In her project, she expressed that by cutting into the fabric, suggesting the orca is being “harpooned.”

“The contrast of the bars behind the orca and the harpoon in his body ties this together. Behind bars you will find the alligator coming out. This shows that although animals are breaking out of bars, there are still very many animals struggling. This artwork shows how strongly I feel towards animal rights and activism,” LaBar said.

“The edge of this canvas is lined in black because I feel as though this is a dark situation that everyone likes to look over and not put light onto,” LaBar said.

“Also, I scraped the canvas with a razor blade mimicking the rake marks orcas get from other orcas at SeaWorld,” LaBar said.

Boran-Smith said one of the best parts of this project had nothing to do with art: “It was cool meeting Lance.”

Rautzhan is the son of the late Lance G. Rautzhan, who pitched in the 1977 and 1978 World Series for the Los Angeles Dodgers.

Rautzhan graduated from Blue Mountain High School in 1992.

According to his website, www.lancerautzhan.info, he studied social theory and philosophy at Indiana University of Pennsylvania.

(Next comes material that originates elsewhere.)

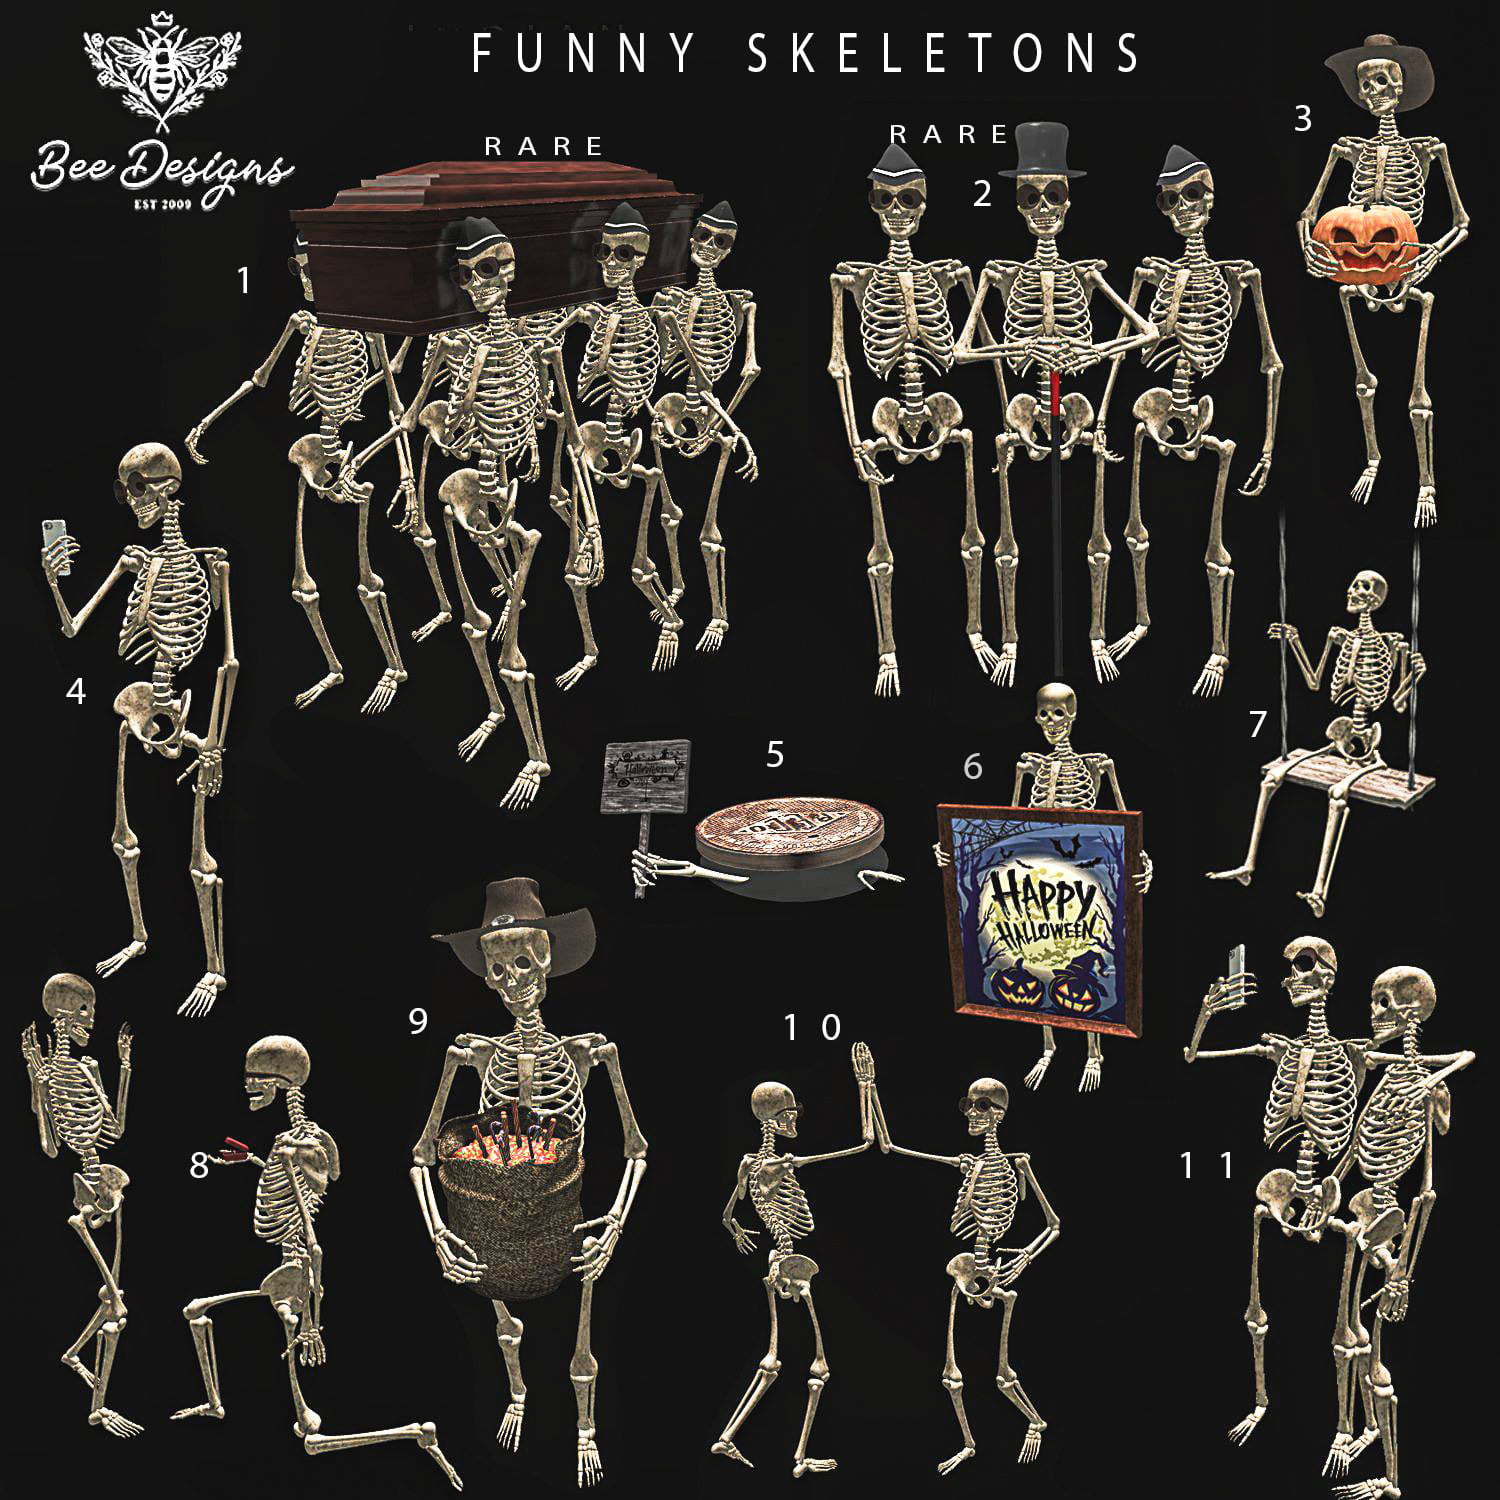 Bee Designs – Funny Skeletons

He earned a bachelor of arts degree in sociology from there in 1996.

“He moved to Long Island City, Queens, in 1997 to study acting under Catherine Russell and make small works on paper. In 1999, Rautzhan took a large studio in Baltimore, Maryland, where he would go on to cultivate his body of work and exhibit heavily for six years. After securing gallery representation in Baltimore, Rautzhan moved his studio to Bushwick, Brooklyn, in 2006. He would continue to work in Brooklyn until conceding to gentrification in 2014,” according to the site.

His work has been shown in numerous galleries and has been collected and published internationally.

“In 2013, he was chosen for and completed a residency with DNA Gallery in Provincetown. His aesthetic influences include ’70s animation, avant-garde film and Keith Richards. He values slow burning substance as a hallmark of intelligence in art. Currently, he works in a large barn in the Appalachian Mountains of rural Eastern Pennsylvania,” according to the site.